Хотя – странное дело – спать почему-то расхотелось…
Интересно, куда подевались умруны? Неужели хватились меня и пошли искать? Обижают!.. Что уж я – маленький ребенок, что ли, в трех ветках заблу…
Не сильный, но точный удар пришелся в аккурат по затылку разомлевшему от радости и самодовольства чародею и погрузил его в сон скорее, чем он на то рассчитывал.
В конце концов, это тоже один из способов заснуть, если горит и чешется нога…
…И снилось Иванушке, что скачут они с Серафимой вдвоем по лугу, бок о бок на белых конях, и никого вокруг нет – только ветер в ушах свистит, под ногами коней – трава волнами ходит-колышется, над головами – небо, высокое-превысокое, летнее, голубое, с белыми, почти прозрачными кружевными облачками.

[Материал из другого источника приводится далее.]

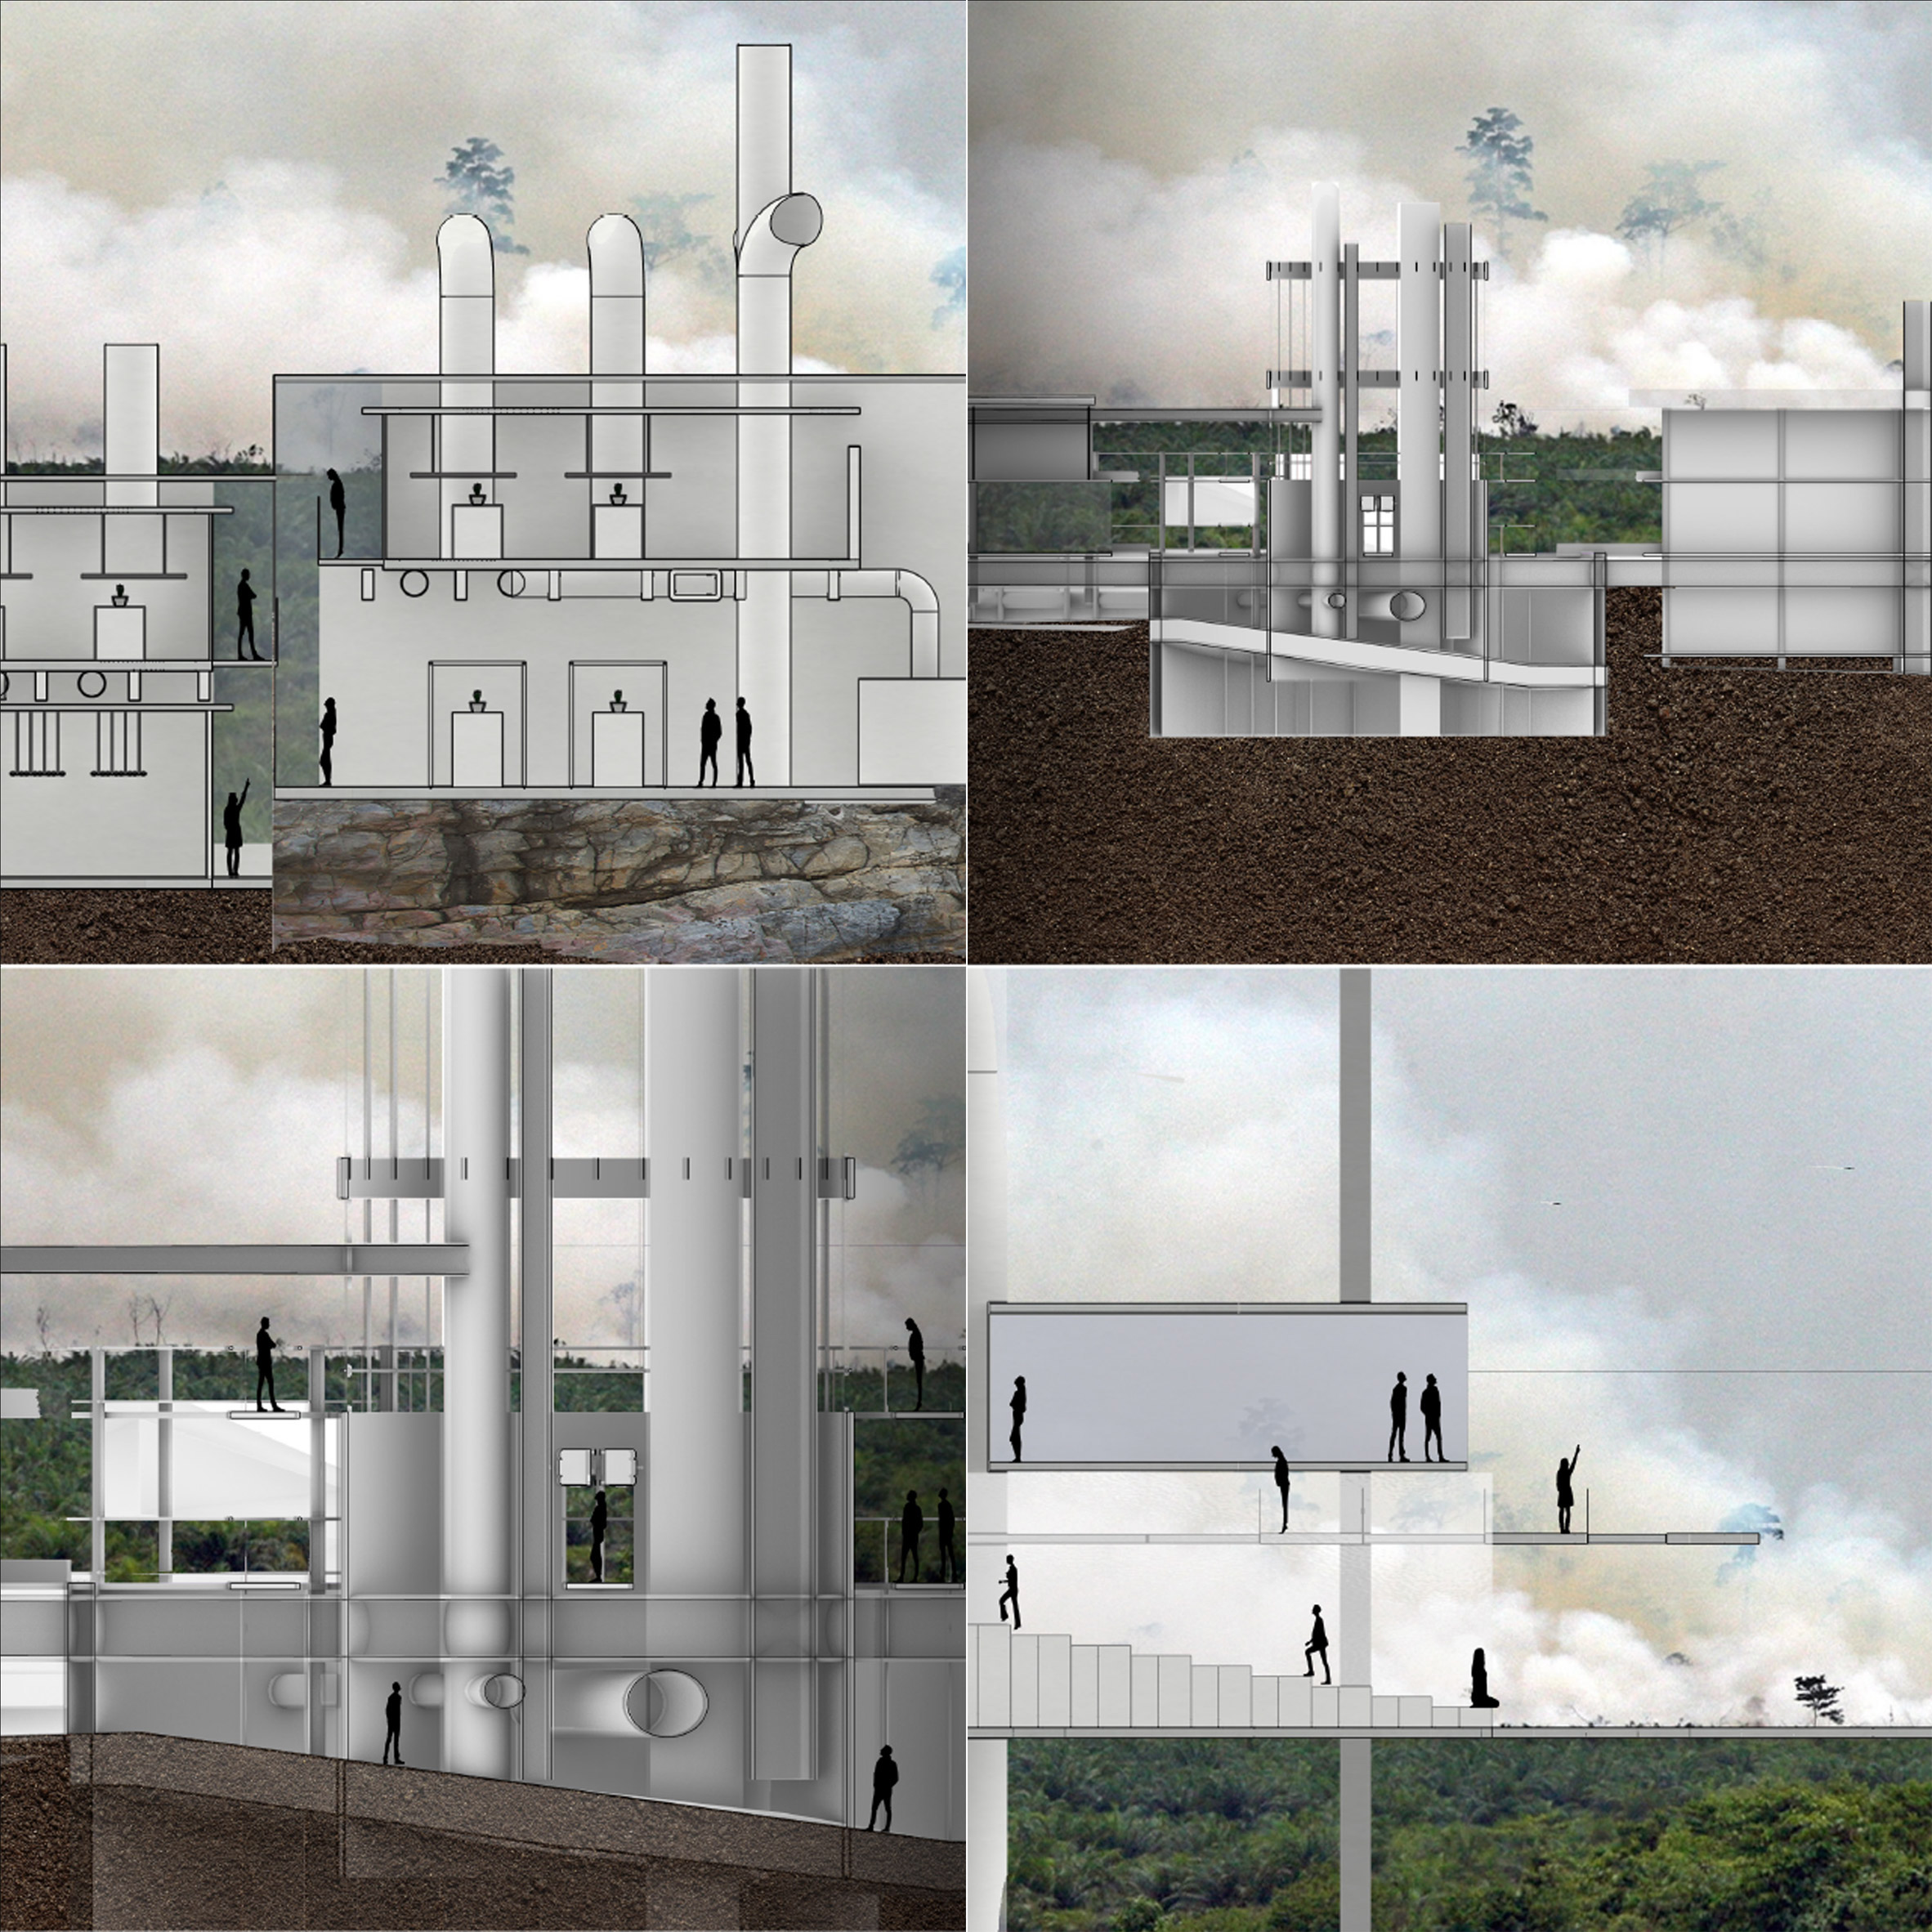 Architectural drawings and rendering of forest preservation building

И говорит он ей: 'Как же мы с тобой давно не встречались, Серафимушка, душа моя. Сто лет словно прошло одним мигом…'
А она ему отвечает: 'Ой, милый мой друг Иванушка, всё недосуг мне было, уж как я ни хотела тебя увидеть, речи твои ученые услышать, по садику с боярышнями погулять.'
А он ей молвит: 'А отчего же тебе, Серафимушка, душа моя, недосуг было, милая?'
А она ему с грустью во взоре отвечает, брови вскинула: 'Ай, друг мой любезный Иванушка, неотложные всё дела наседают, как вороги лютые. Надо летописи долетописать, да хроники захроникировать, да инвентаризацию проинвентаризировать…'
А он ей говорит таковы слова: 'Ай, девица – душа моя, разлюбезная Серафимушка… Не губи меня, добра молодца, кручиною – подколодною змеей… От тоски по тебе я все сохнуть буду, ясны очи затуманятся, буйна головушка изболится, сердце верное истомится…'
А она на него смотрит ласково, очи потупивши, и молвит страшным голосом:
– Вставай, витязь лукоморский, проспишь царствие небесное!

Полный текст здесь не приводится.